Give people what they need, not what they say they need — interviews are tricky. People will swear up and down that they would buy a product you describe if only it were available,  and then fail to do so as soon as it is.  Likewise,  in conversation an idea can sound terrible,  but in actualization the idea can become a compelling product.   You have to sherlock out the truth of the interest   people express,  and “yes/no” questions are usually less useful than “how much” or “how bad” questions.  

Your ideas will get better the more you know about business — engineers hate to hear this, but you can generalize up quite far from here:  the more you know about everything,  the better all of your ideas will get!  If you want to start a business and your strength is in development,  learning about pricing, sales, marketing, finance, and yes, even HR, all of it will make your product ideas stronger and better.

How to drive innovation in India….!

July 4, 2006

Human ingenuity and innovation is always valuable than physical resources.  This has been confirmed by the findings of two Harvard Economists, Sachs and Warner who studied 97 countries over two decades to understand what drove economic success of nations.  To their surprise,  availability of abundant natural resources actually correlated negatively with economic success.

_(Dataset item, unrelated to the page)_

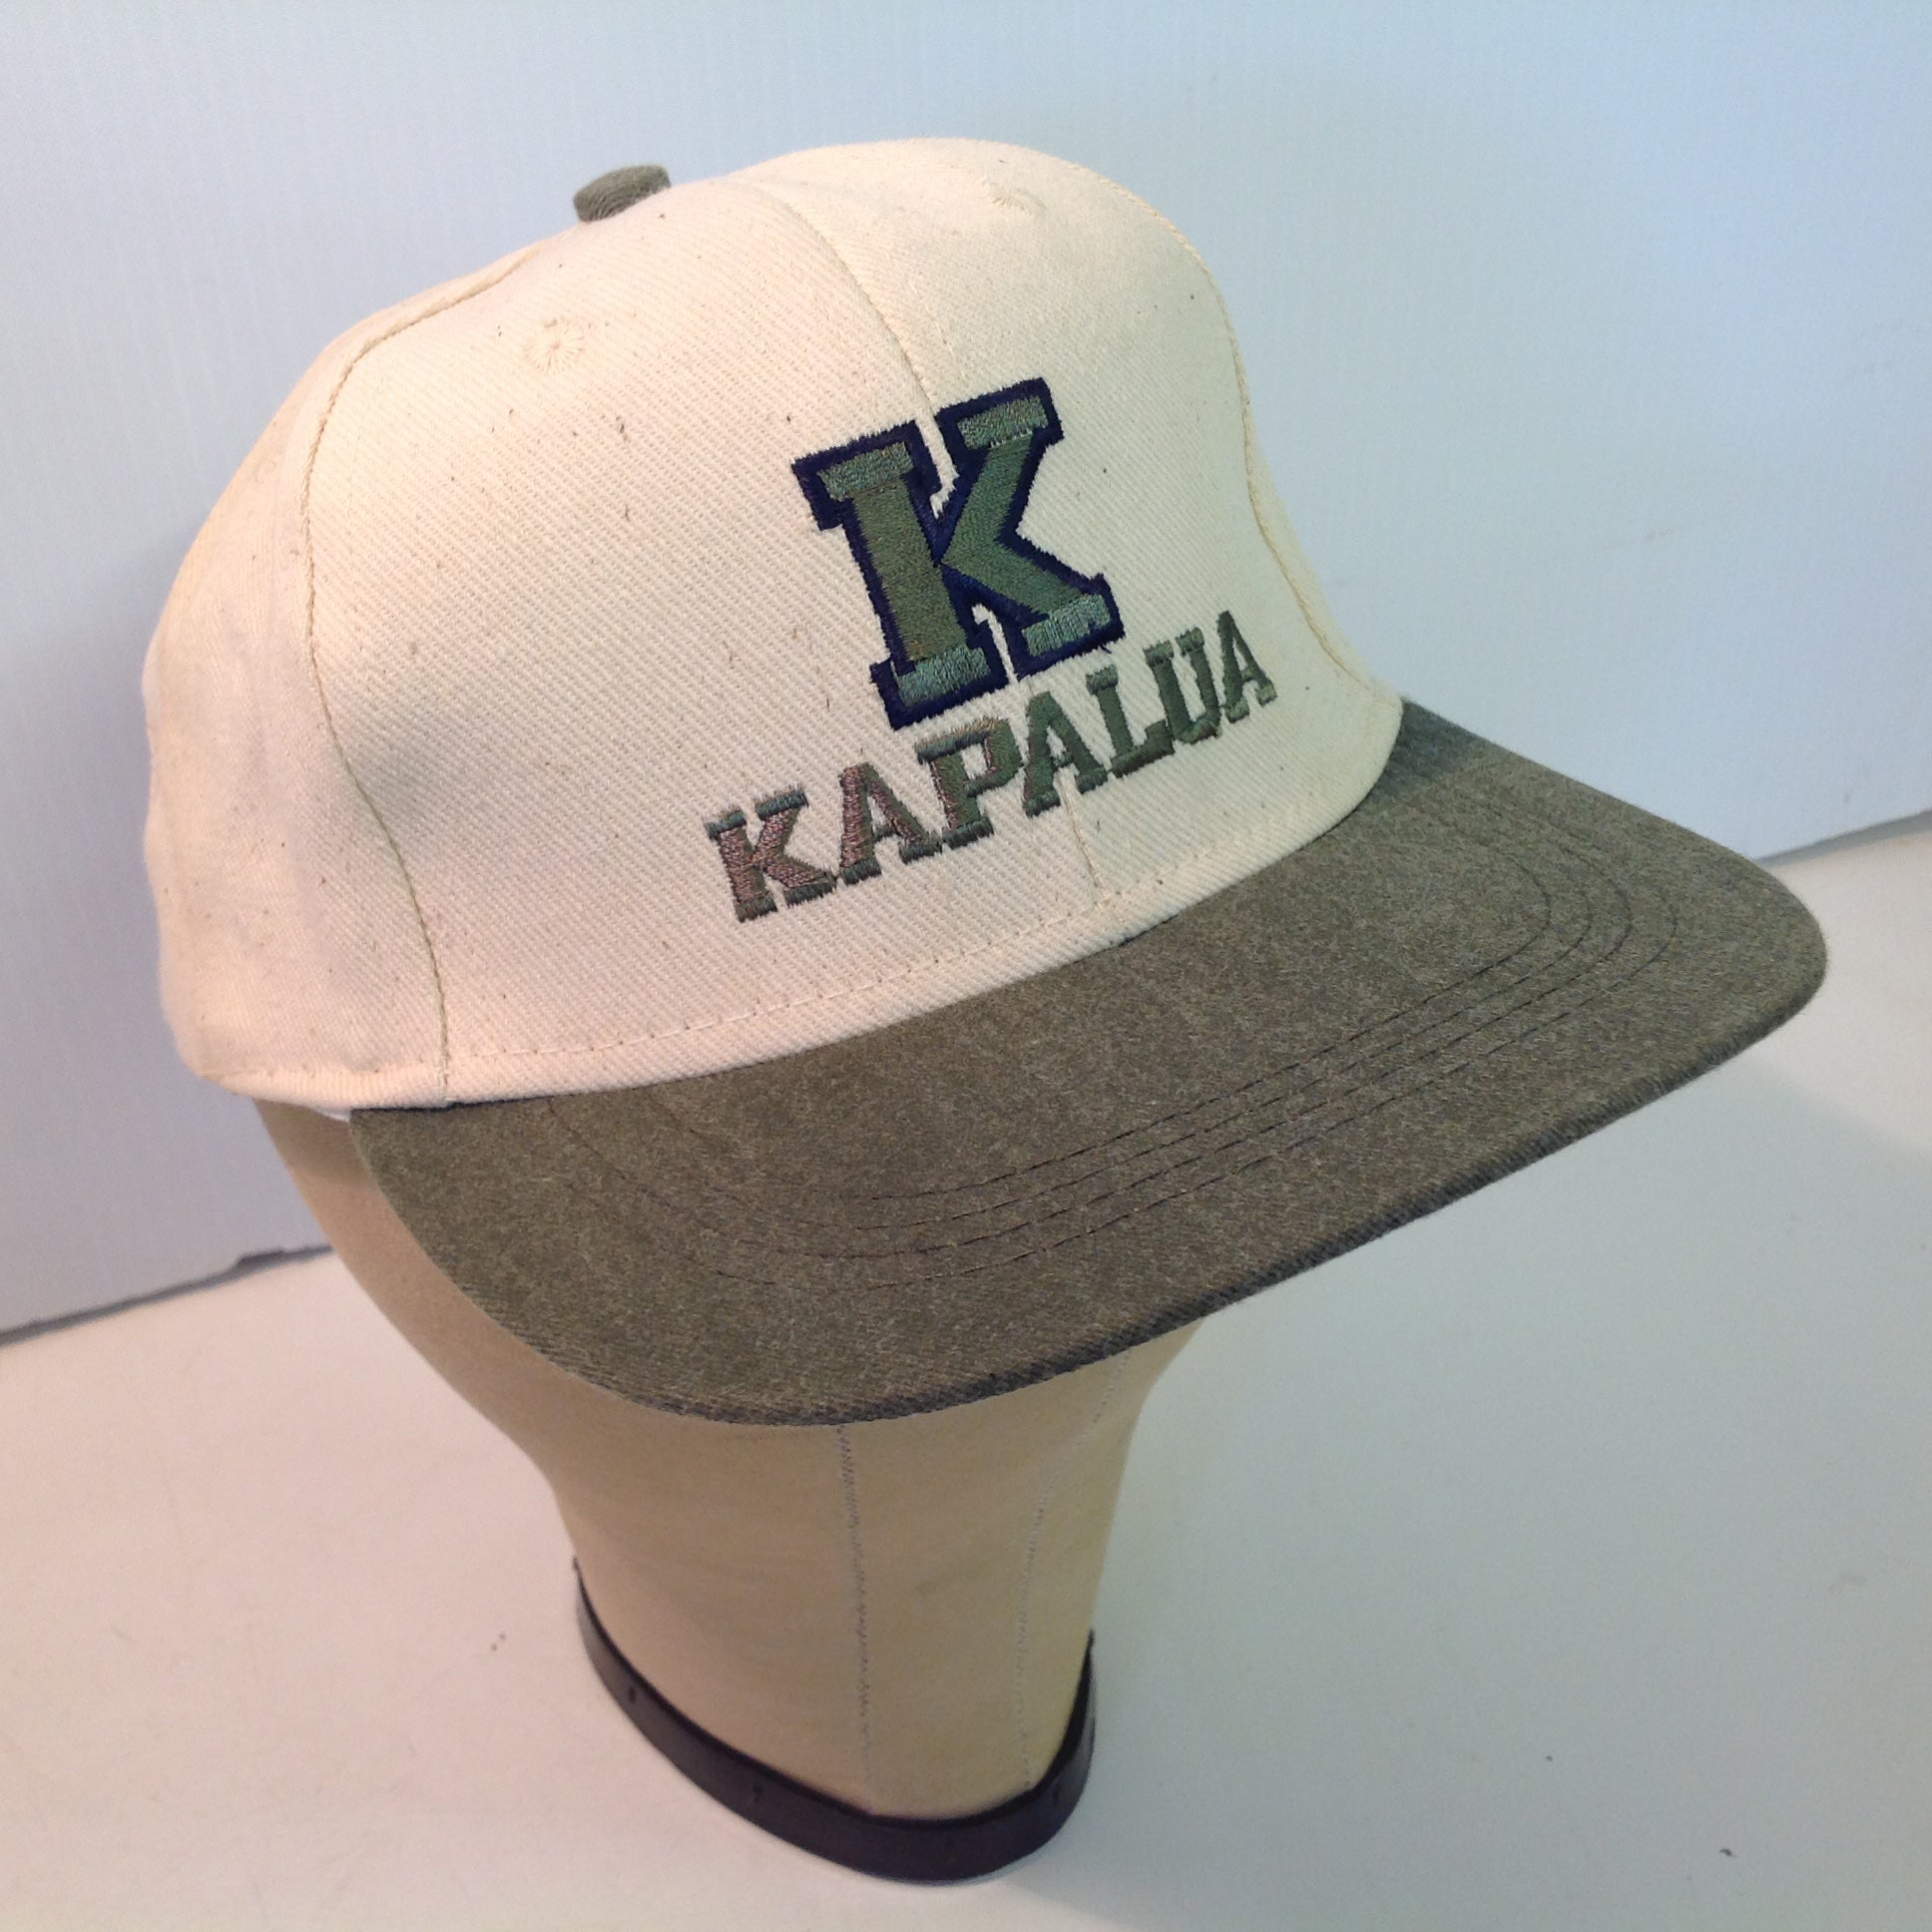 Vintage Imperial Headwear Kapalua Plantation Golf Course Hawaii Souvenir Cream and Olive Green Baseball Cap

Look at India.  Today India has already established itself as a leader in process innovation between the IT industry that has redefined excellence in IT and knowledge processes  and the pharma industry in the generic space.  These innovations sparked a sense of optimism, that has motivated the entire country willing to invest and consume.  Coupled with a GDP growth of 8% and a runaway sensex, an increasingly dominant knowledge economy – tempts one to believe that we are at the end of the road.

The reality is we’ve only seen the first generation of process innovation and yet to embark on serious product innovations.  Coming at a serious cost,  to stay the course of innovation it takes a strong social consensus.

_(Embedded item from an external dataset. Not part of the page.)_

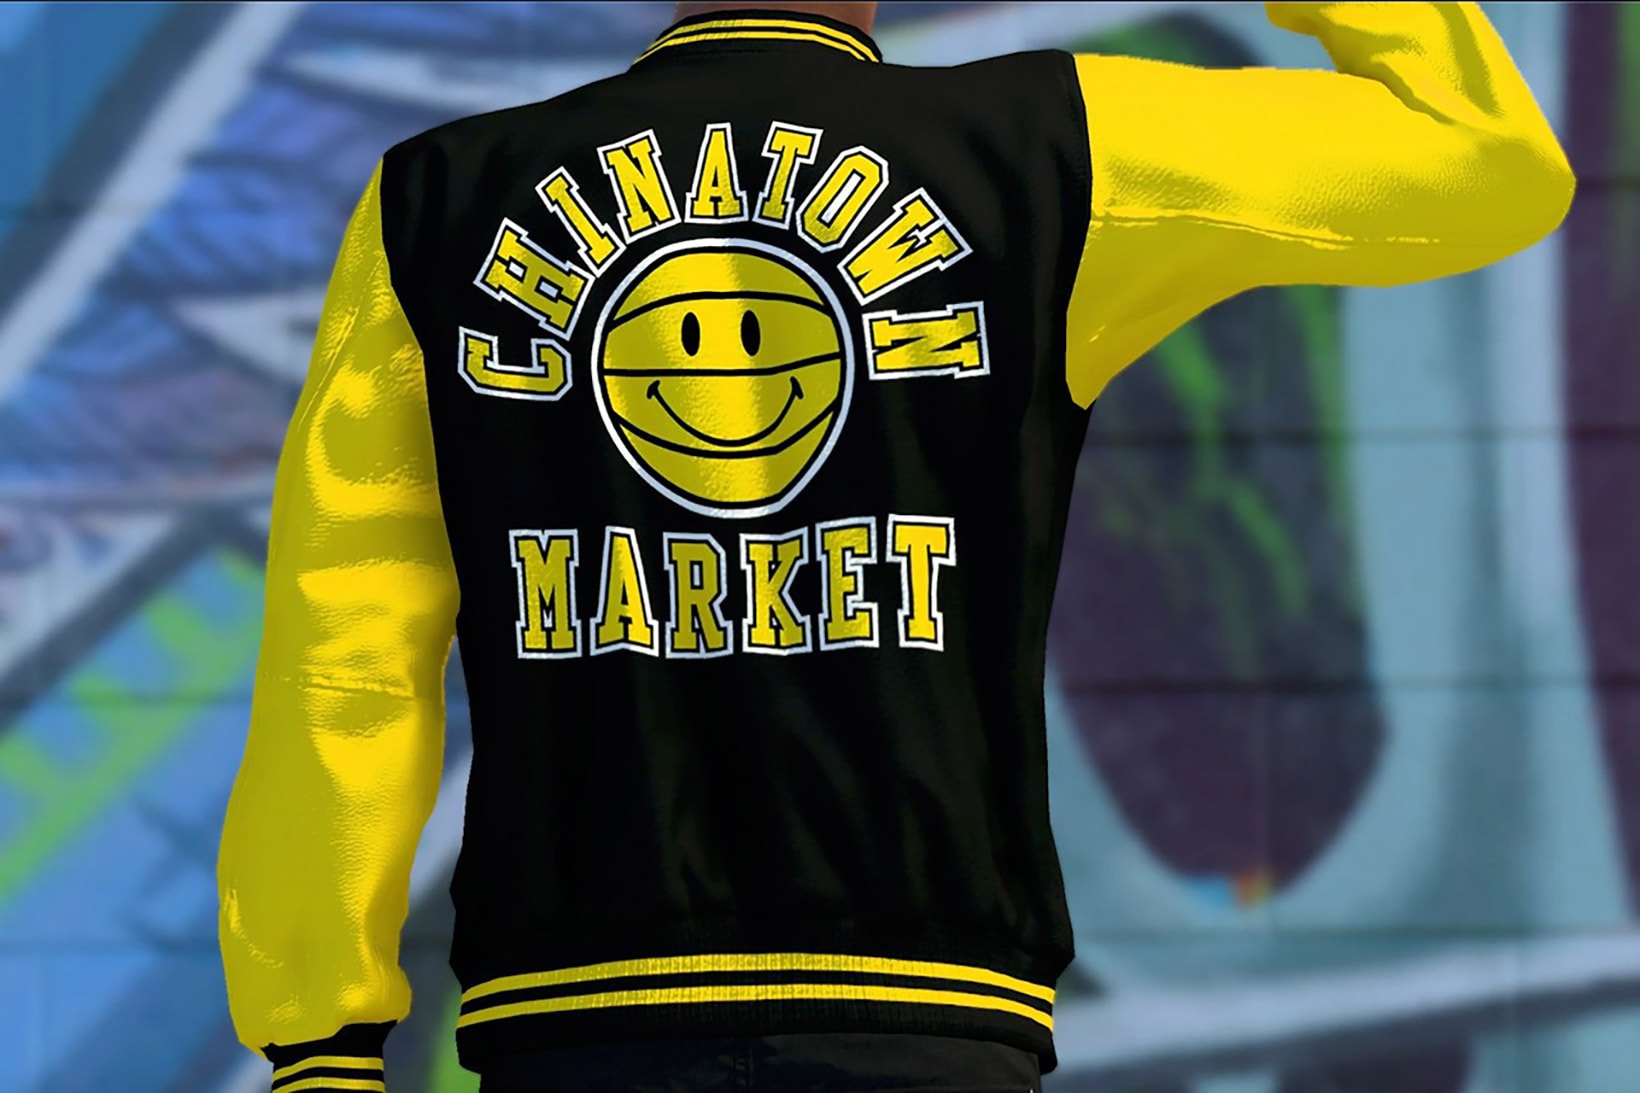 Chinatown Market Rebrand Name Change Fashion Jacket Yellow Black

Major drivers for Innovation

Force of Competition, without doubt is a major driver.  Today in India, it’s the young companies that drive innovation.  That’s because they don’t attempt to become the next `Google’ or `Paypal’.  They just go ahead, try and give something new to the world.  It works.

Effective R& D coordination – between universities, government funded research centres, corporations and startups accelerates innovation.  Working cohesively with a great deal of focus,  this is a surefire support.

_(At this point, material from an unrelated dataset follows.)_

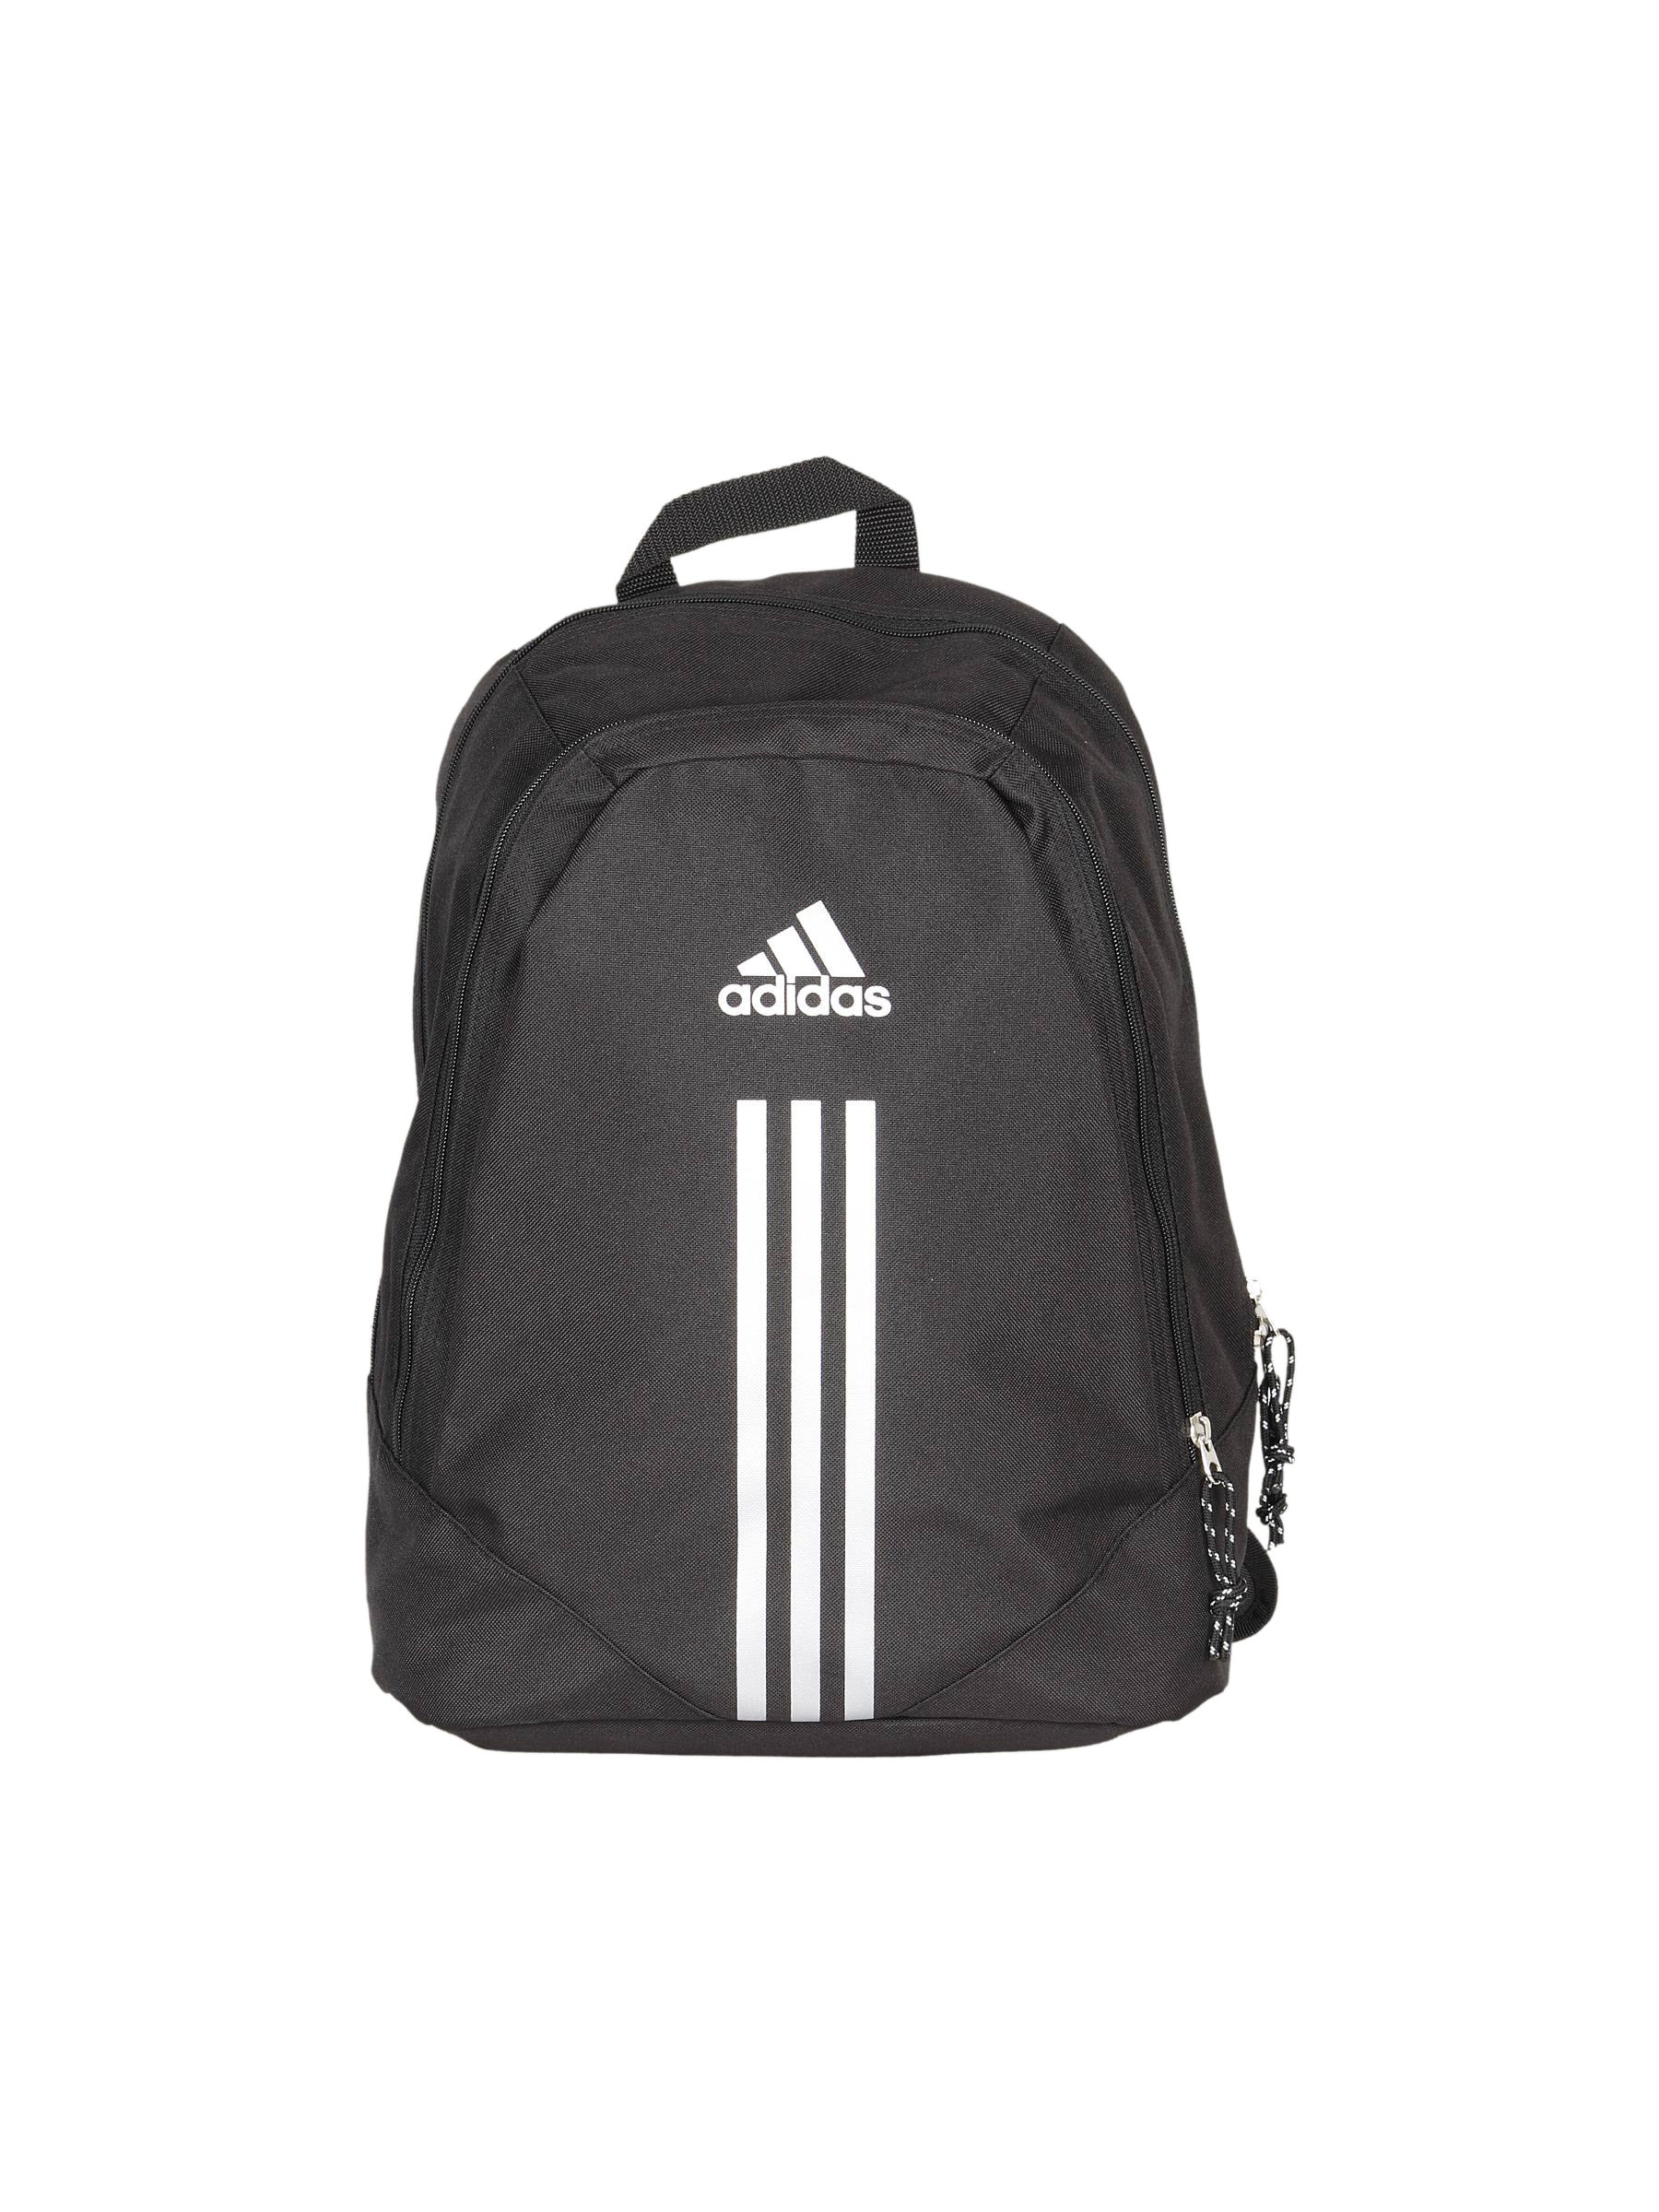 ADIDAS Unisex BP 3S Black Silver Backpack

Individual commitment – Recognise the biggest sin of all is inadvertence.  Not being fully awake.  The future descends equally on everyone,  but some notice it faster because they are always pushing the limits of their knowledge, asking questions and picking up on weak signals.  Keep your eyes and ears close to the ground to hear its rumblings. 

Intelligent bets – You have to be willing to place intelligent bets, and give up the smoothness of predictability for the non-linear upsides of intelligent risk taking.  Not all bets will lead to success but there’s hardly any safety in passivity either.  We need to have the self confidence to set a direction but not the arrogance to fight the need to change if market conditions so require. 

Goal setting –  Agreed we have constraints of infrastructure and resources.  Never let that restrain our ambition and allow self imposed limitations to make us aim too low.  Go figure how to get over them.  Trust me, people already have.

Between knowledge power, the local market as incubator and a burning ambition,  India has the potential to be among the world’s leaders in Innovation.  The world is waiting.